Coach took over the lecture from there, but Jean Patrick's attention faded, lulled by the wind's rhythm on the roof above the stands. He started awake as the team shuffled down the stairs. The anesthesia of excitement had worn off, and his head burned, his legs wobbled.

Daniel caught him on the bottom stair and looped an arm through his. “You OK?”

“Just tired. Lately I don't sleep well. Especially with you snoring away.”

“What? That's your own snore reflecting back to you.” Daniel screwed up his face. “My English professor killed a cow on my paper. I'm not going to tell Papa.”

“If you paid less attention to girls and more to your books, you wouldn't have so many red marks.”

“It's one time, eh? Don't act so superior.” Daniel made a kissing sound with his lips. “When are you going back to Cyangugu?”

“I'm not sure. I have some things to take care of.”

“Would
some things
involve Bea?”

The first drops of rain fell with a hiss in the surrounding trees. Jean Patrick followed the tremble of the leaves. He was too tired to explain. “I just hope I feel better before I go.”

“Papa can give you a ride tomorrow.”

“To Cyangugu? It's the opposite direction.”

“No problem. Papa likes to drive in circles.”

The thought made Jean Patrick laugh, and once he laughed, he started to cough and could not stop. Tears brimmed in his eyes.

Daniel pulled one of his minty candies from his jacket pocket and smiled wickedly. “As many as you need, they are yours.” He tossed the mint to Jean Patrick.

“Ah!” Jean Patrick nudged him. “Success with your muzungu.”

There were footsteps behind them, and Jean Patrick moved aside to let the person pass.

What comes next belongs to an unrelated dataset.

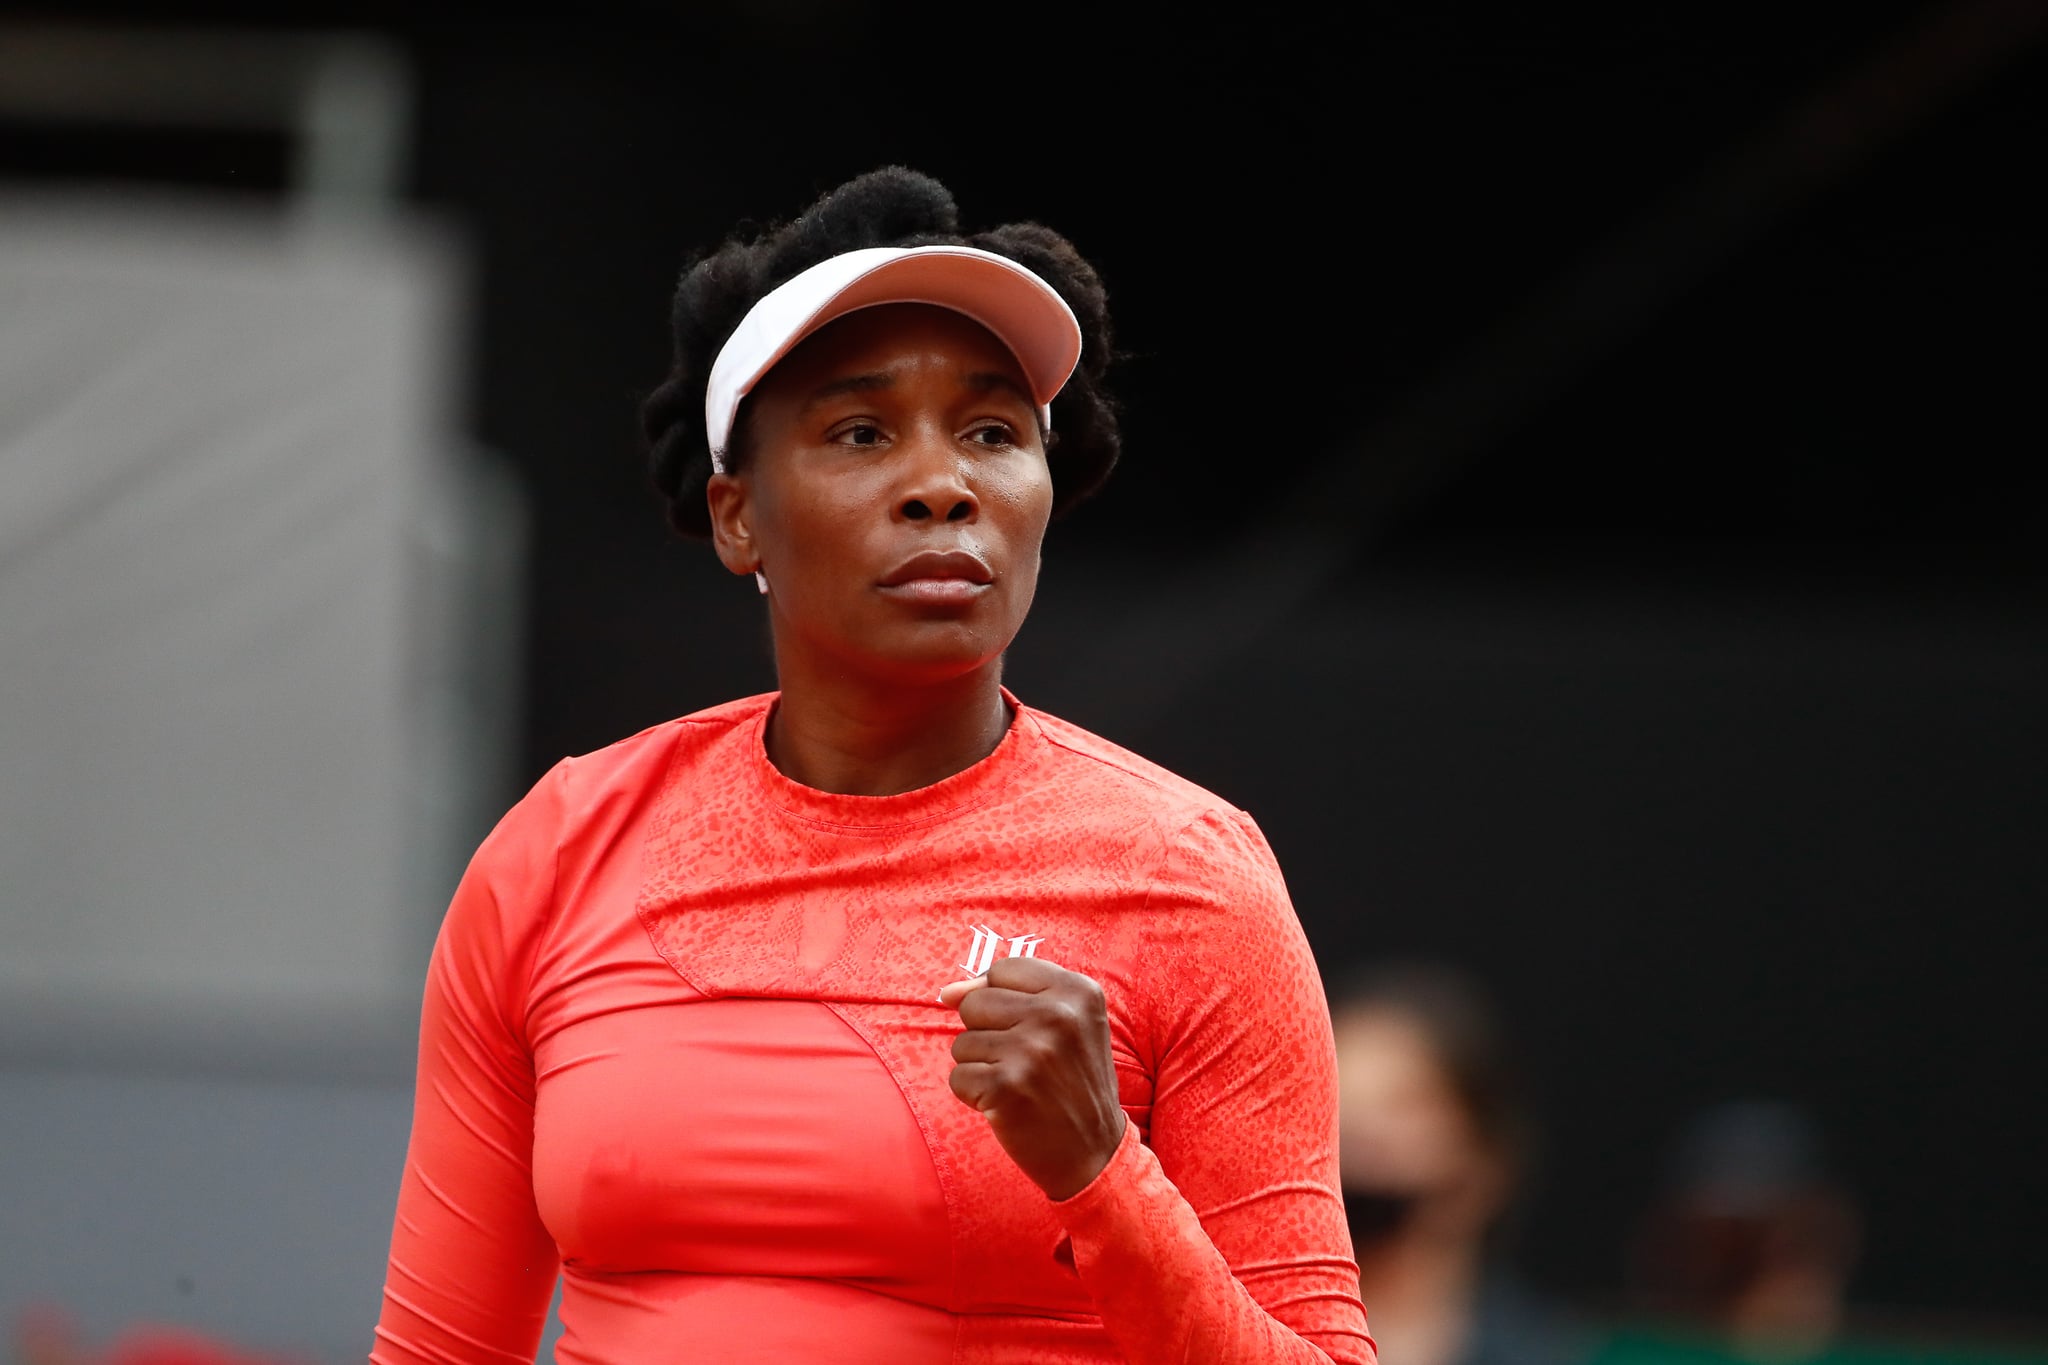 MADRID, SPAIN - APRIL 30: Venus Williams of Unitesd States celebrates during his Women's Singles match against Jennifer Brady of United States on day two of the WTA 1000 - Mutua Madrid Open 2021 at La Caja Magica on April 30, 2021 in Madrid, Spain (Photo by Oscar J. Barroso / Europa Press Sports via Getty Images)

“Excuse me,” the man said. “I was looking for a bathroom.” He fell into step beside them and pulled up the brim of his cap. Jean Patrick found himself staring into Roger's eyes. “You looked like someone who would know.”

Jean Patrick folded the candy wrapper into tiny squares. “Daniel,” he said, applying the same concentration to his tone that he had applied to the truck tire, “I'll show this guy where to go and then meet you in the room.”

“Why don't I come with you, huh?”

“Can you go and put water on for tea? I don't feel so well.”

Daniel showed Jean Patrick the mint on his tongue and trotted off toward the dorm. When he turned the corner, Jean Patrick gripped his brother. “Mistah Cool! What's your news?”

“My news is good. And you, Mr. Olympics?”

“As well. Wah! If I had passed you on the street, I would not have known you.” Roger's face was leaner, cut to the bone, the high cheeks and square jaw more pronounced. A scar divided his cheek like a boundary line sketched on a map.

“Good. That is what I wanted to hear from you.” Roger's eyes scanned the trees and the field, flitted to the horizon, came back to Jean Patrick. He pulled down his cap and began walking. “Come. You're supposed to be showing me where I can relieve myself.”